“Zeus Kinker” appeared in the first online issue of Sortes on April 9, 2020 (coronavirus quarantine time). It’s about a snow-like infestation of a glittering clinking cursive word and a train to the future that runs on a circular track. Its first paragraph ends with three consecutive repetitions of the operative word.
“The Black Opal Ring,” my first published story in something like six years, appeared in Issue 13 of Miracle Monocle, University of Louisville lit mag extraordinaire, on December 2, 2019.
A longish story called “Incantation for Beard Reattachment” (title comes from this scene in Don Quixote) appeared in the Spring 2013 print issue of The Normal School (Cal State, Fresno). Not online.
A ranty little story appeared in the excellent print issue #3 of Ghost Town, edited by Kevin Moffett, published by Cal State, San Bernardino. Also online. (My ambition in life is to become immortal and then die — also to publish in every Cal State lit journal.)

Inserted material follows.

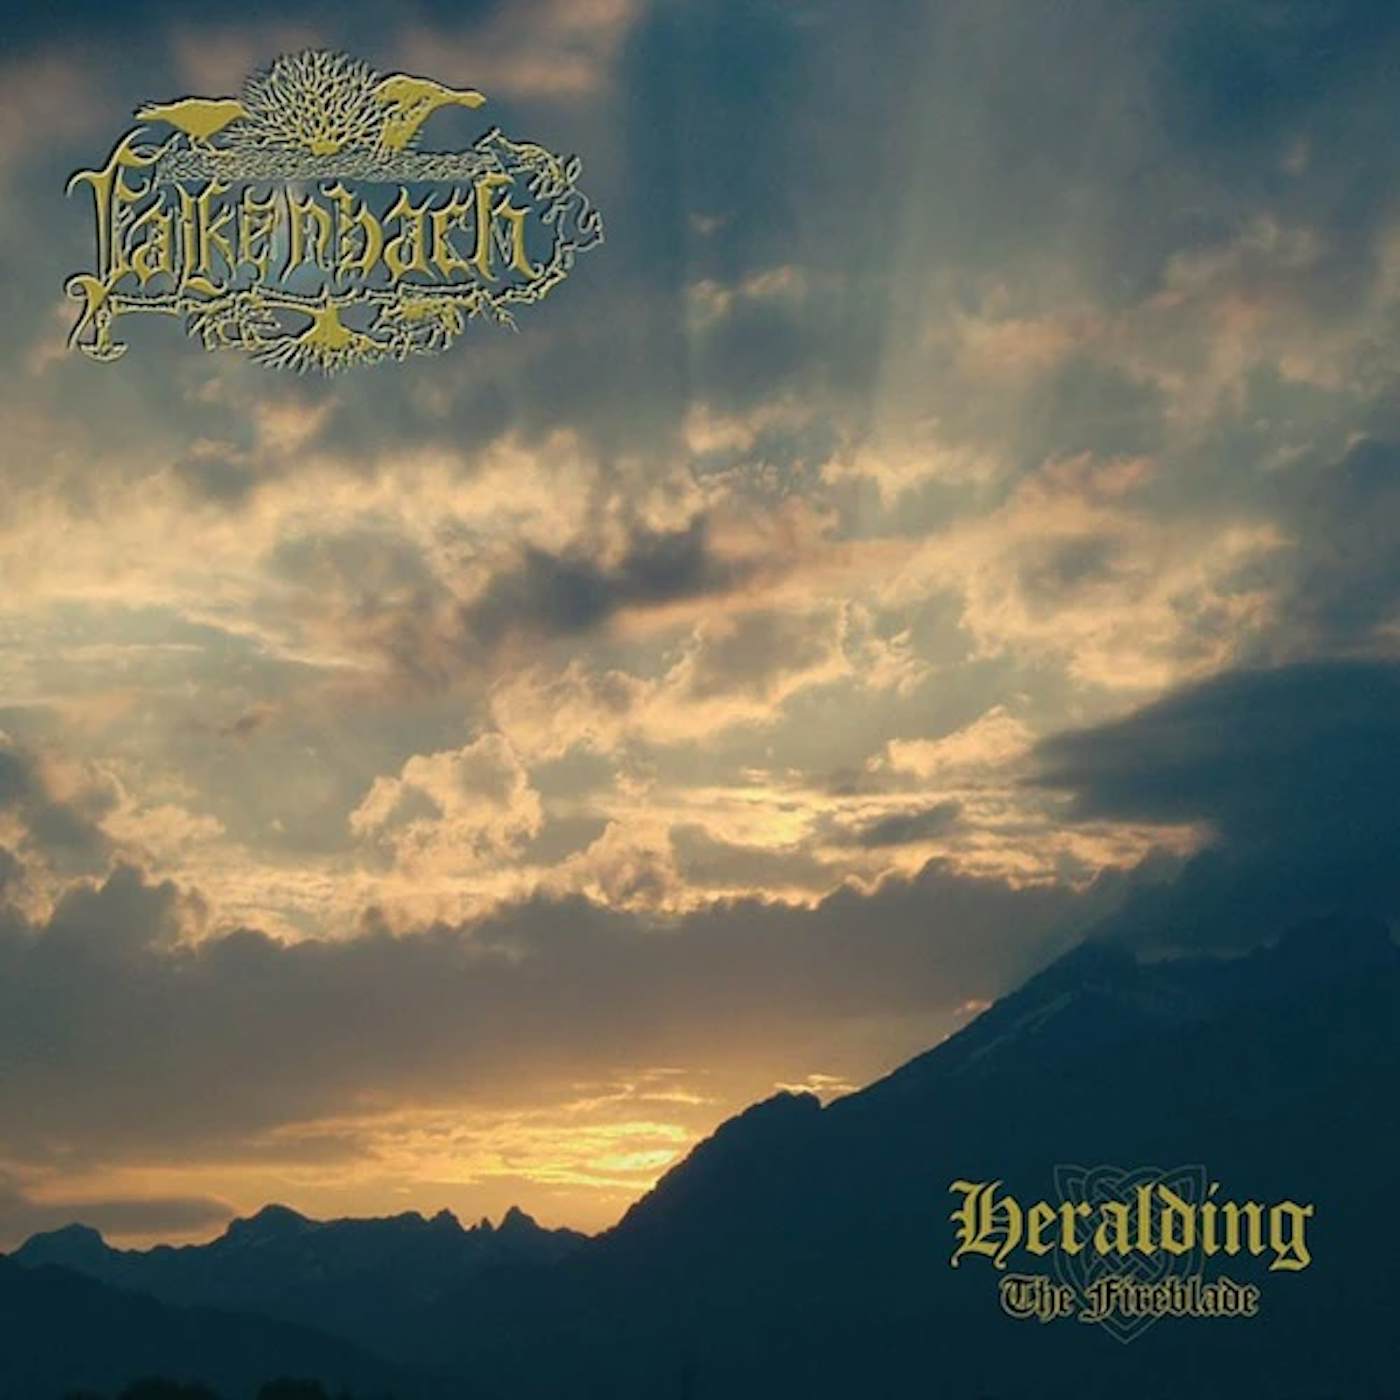 Falkenbach Heralding - The Fireblade Vinyl Record

A story involving virtual baseball, Atum Ra, and Thorstein Veblen was published in 2008 in the third print issue of Canteen (a beautiful now-defunct print journal of stories and essays about artistic processes that had some connection to a restaurant of the same name, I think)
A semi-illustrated story called Carry Me Father No More is at AGNI (venerable Boston University literary journal) in May 2007.
Another story appeared in the 2007 Fall/Winter print edition of The Black Warrior Review (University of Alabama). In print only.
Select older stories, some written in the mid-to-late ’90s, appeared here:
- The Barcelona Review (also in Spanish)
- What’s Your Exit?: A Literary Detour Through New Jersey (Word Riot; 2010)
- The Encyclopedia of Exes (Three Rivers Press; 2005 — a stranger noted my contribution in a kind Amazon review)
Over the years, the first few of the current century particularly, I also posted dozens of stories and little oddities on Eyeshot including a story about a Michael Jackson impersonator in Madrid that first appeared in a 2005 print edition of Pindeldyboz. If you scroll to the end of the archive, you’ll find a lot of these early short oddities and essayettes.